PROBLEM TO WORK ON »
Only an exact copy is wanted: the lines from the one holding "プロのサウンド編集ソフト「SOUND FORGE Pro 17」" through the last line below, minus the pictures.

THE DATA »
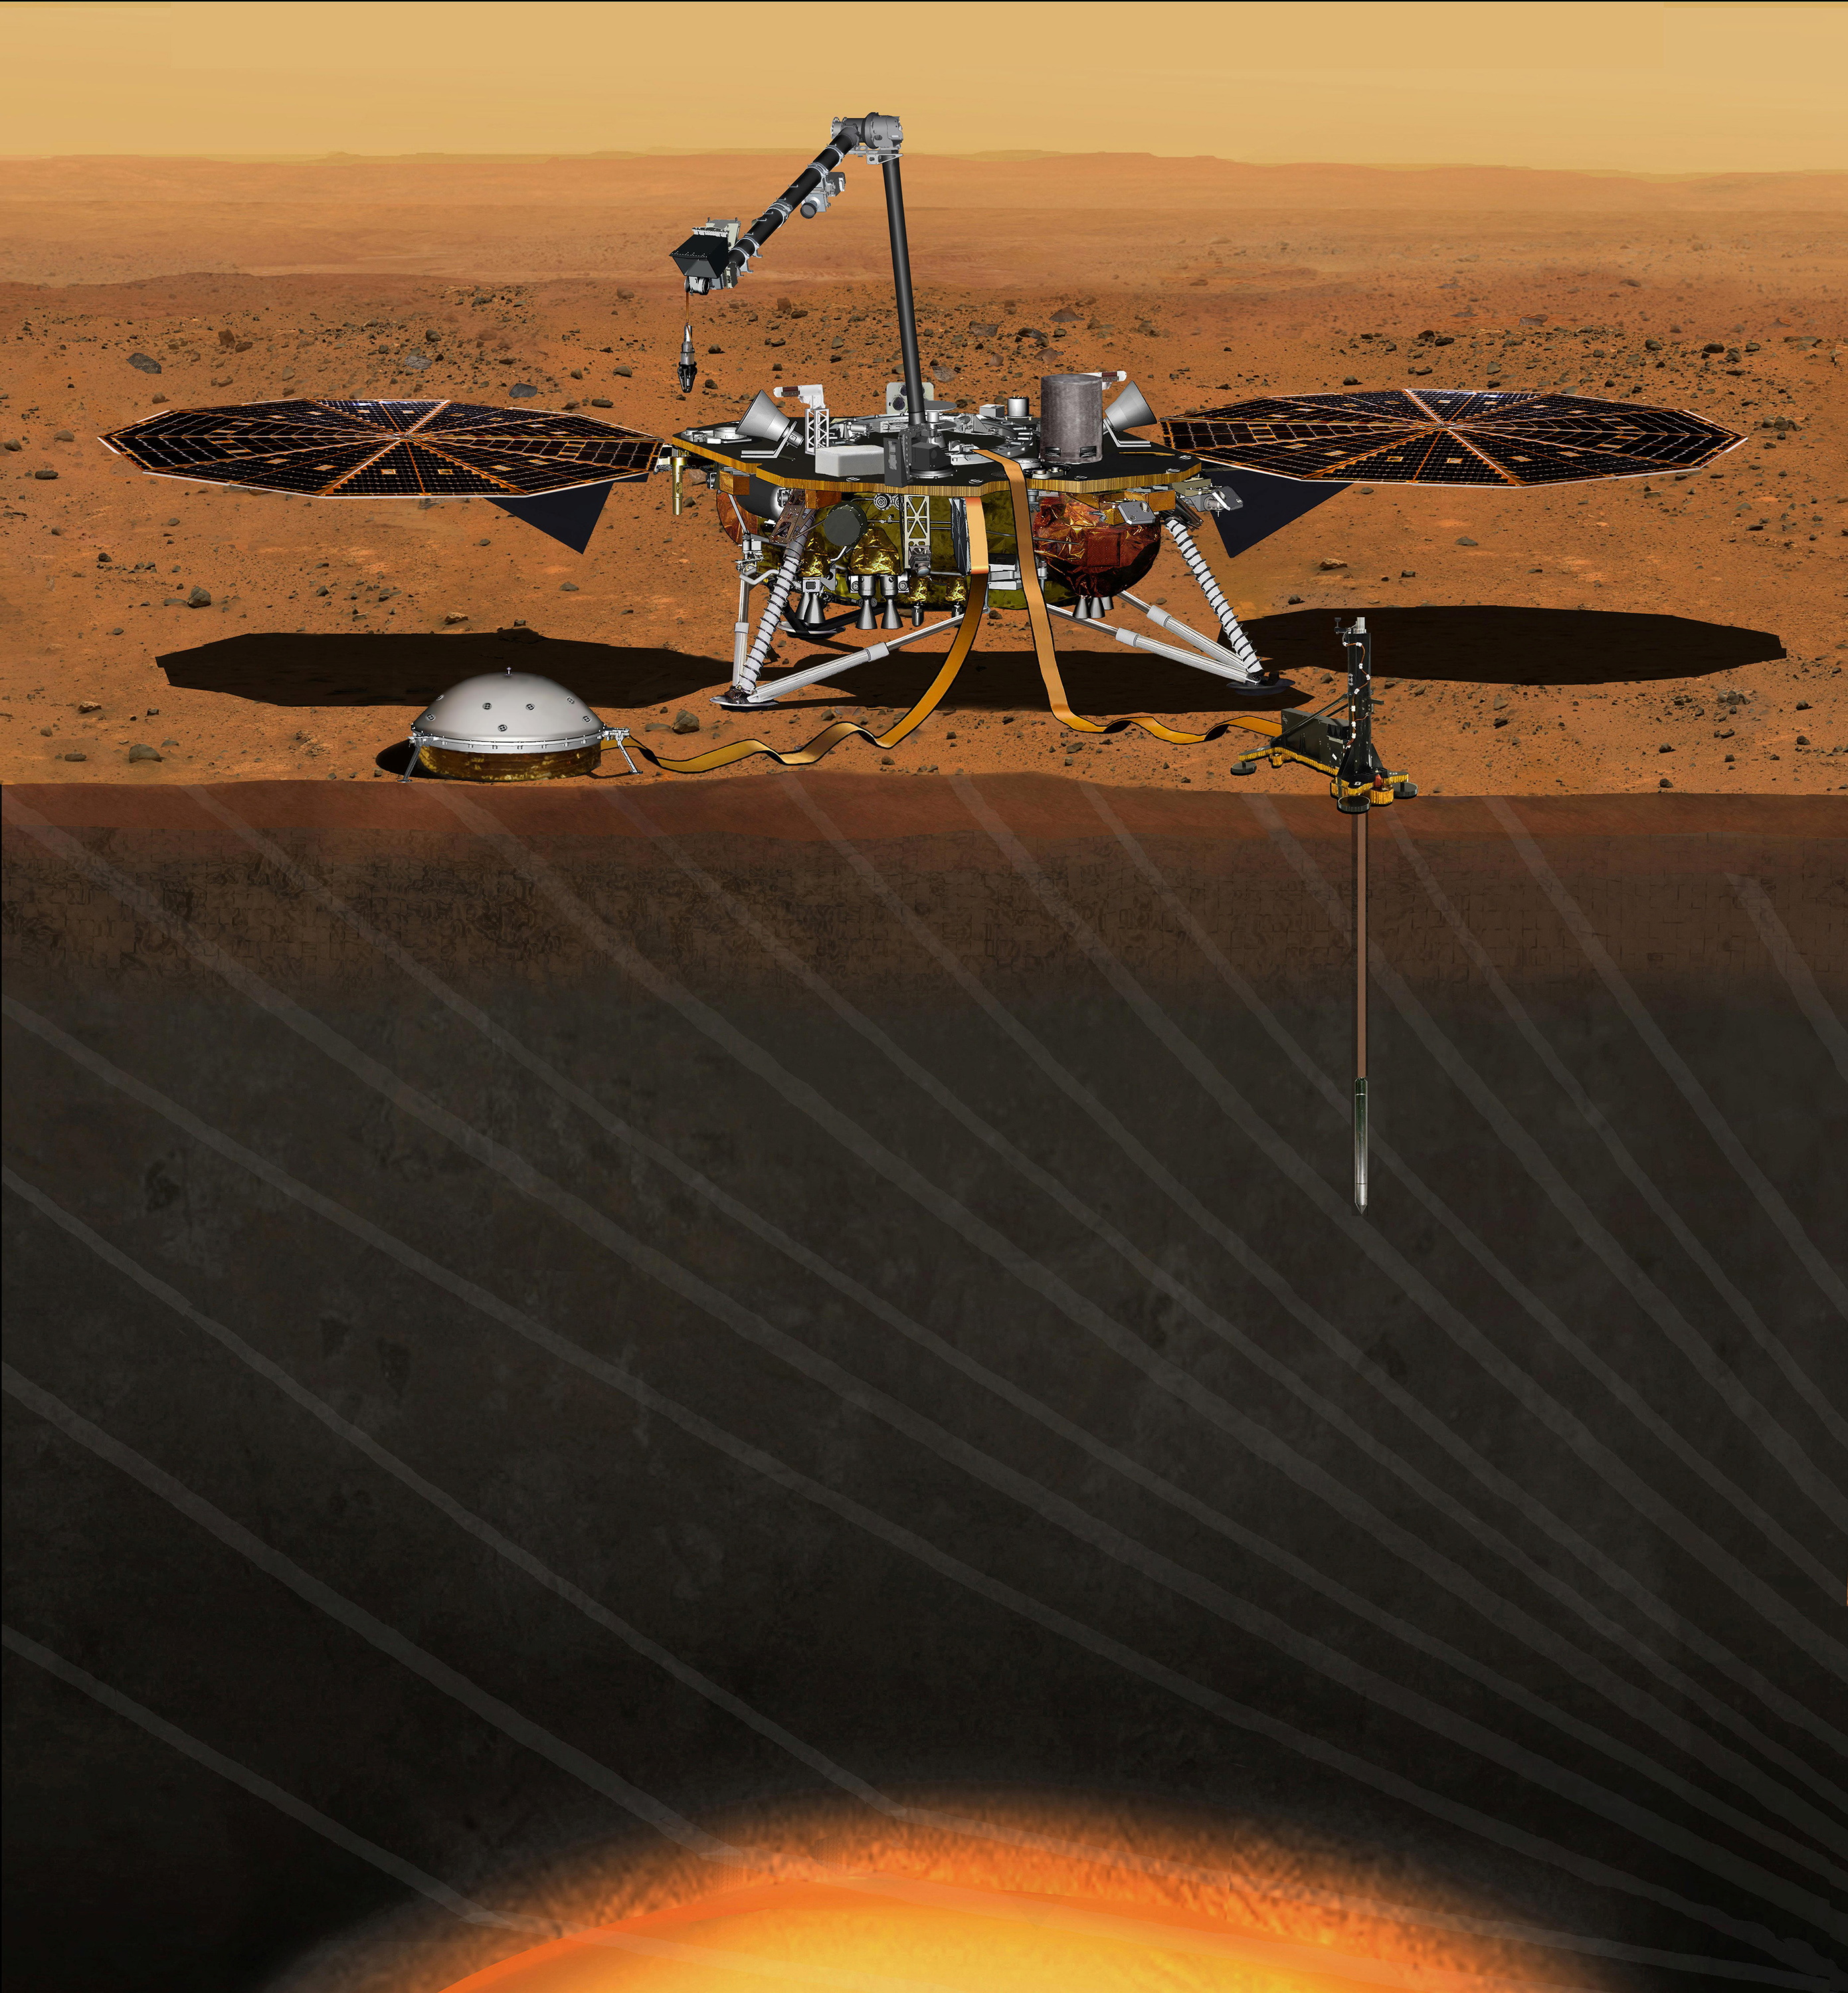 La misión estadounidense estudia las ondas sísmicas para aprender más sobre el interior de Marte.   REUTERS/NASA/JPL-Caltech/Handout 
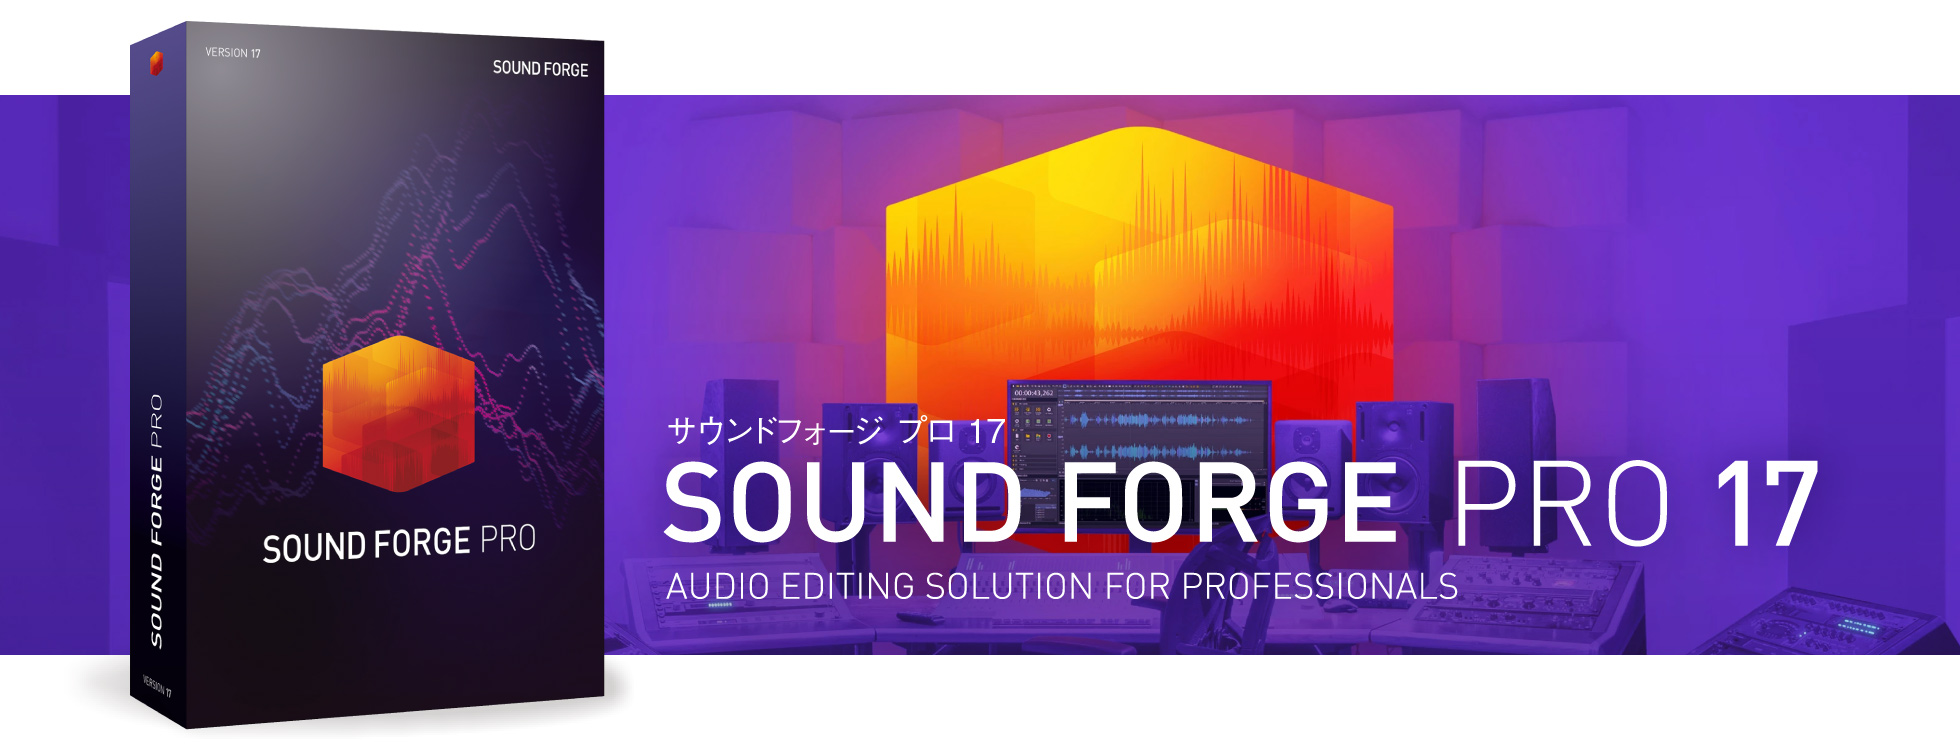 プロのサウンド編集ソフト「SOUND FORGE Pro 17」
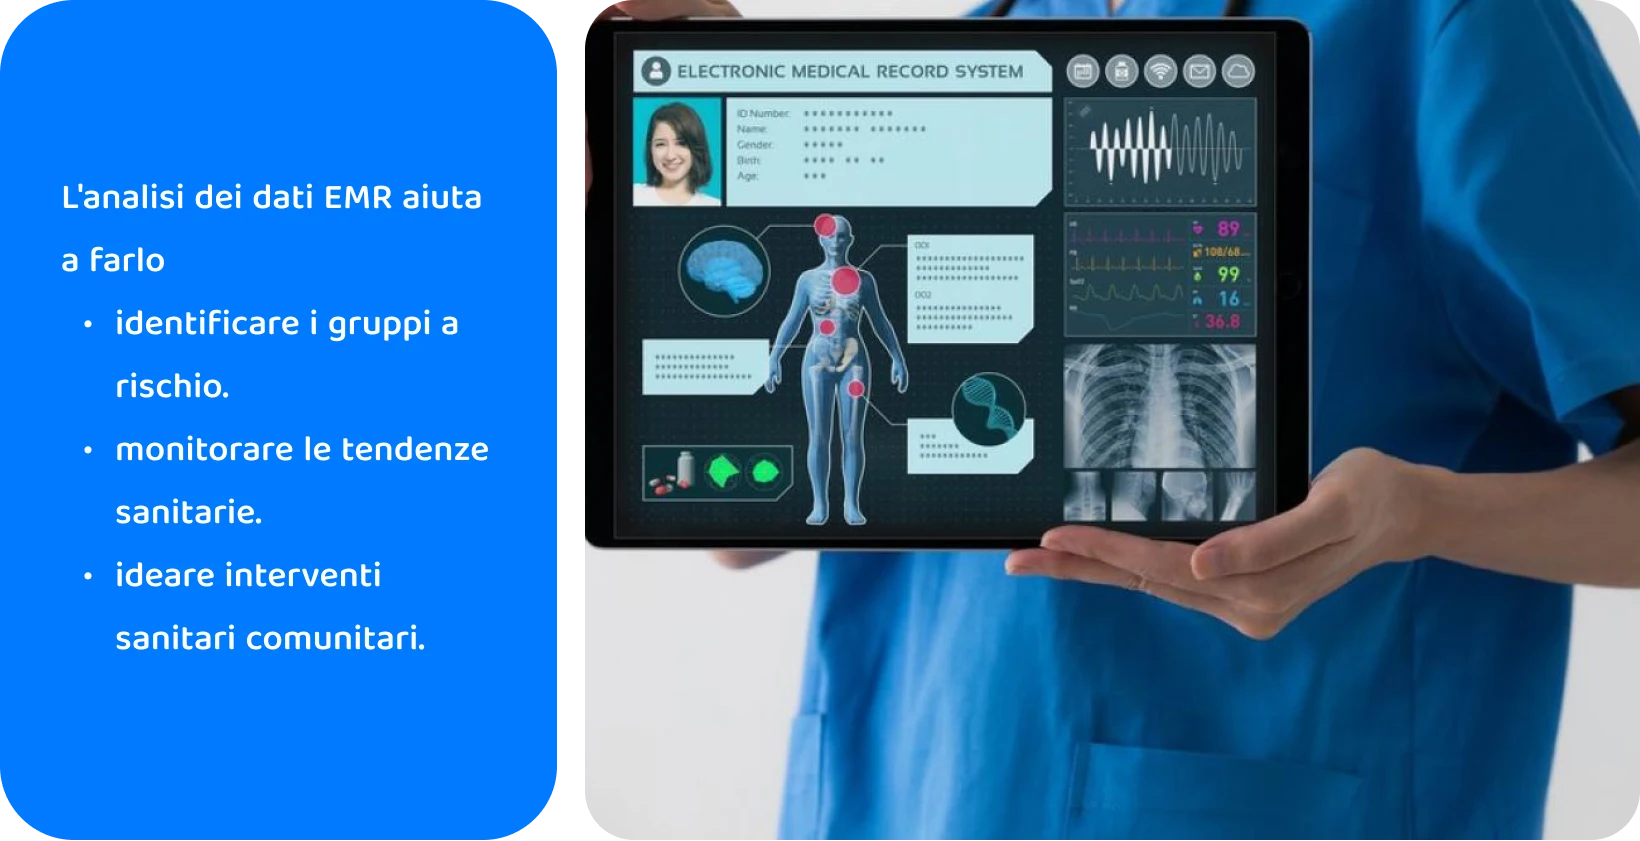 Professionista medico che utilizza un tablet con un sistema di cartelle cliniche elettroniche per analizzare i dati sanitari dei pazienti.

YOUR RESPONSE »
 プロのサウンド編集ソフト「SOUND FORGE Pro 17」
 Professionista medico che utilizza un tablet con un sistema di cartelle cliniche elettroniche per analizzare i dati sanitari dei pazienti.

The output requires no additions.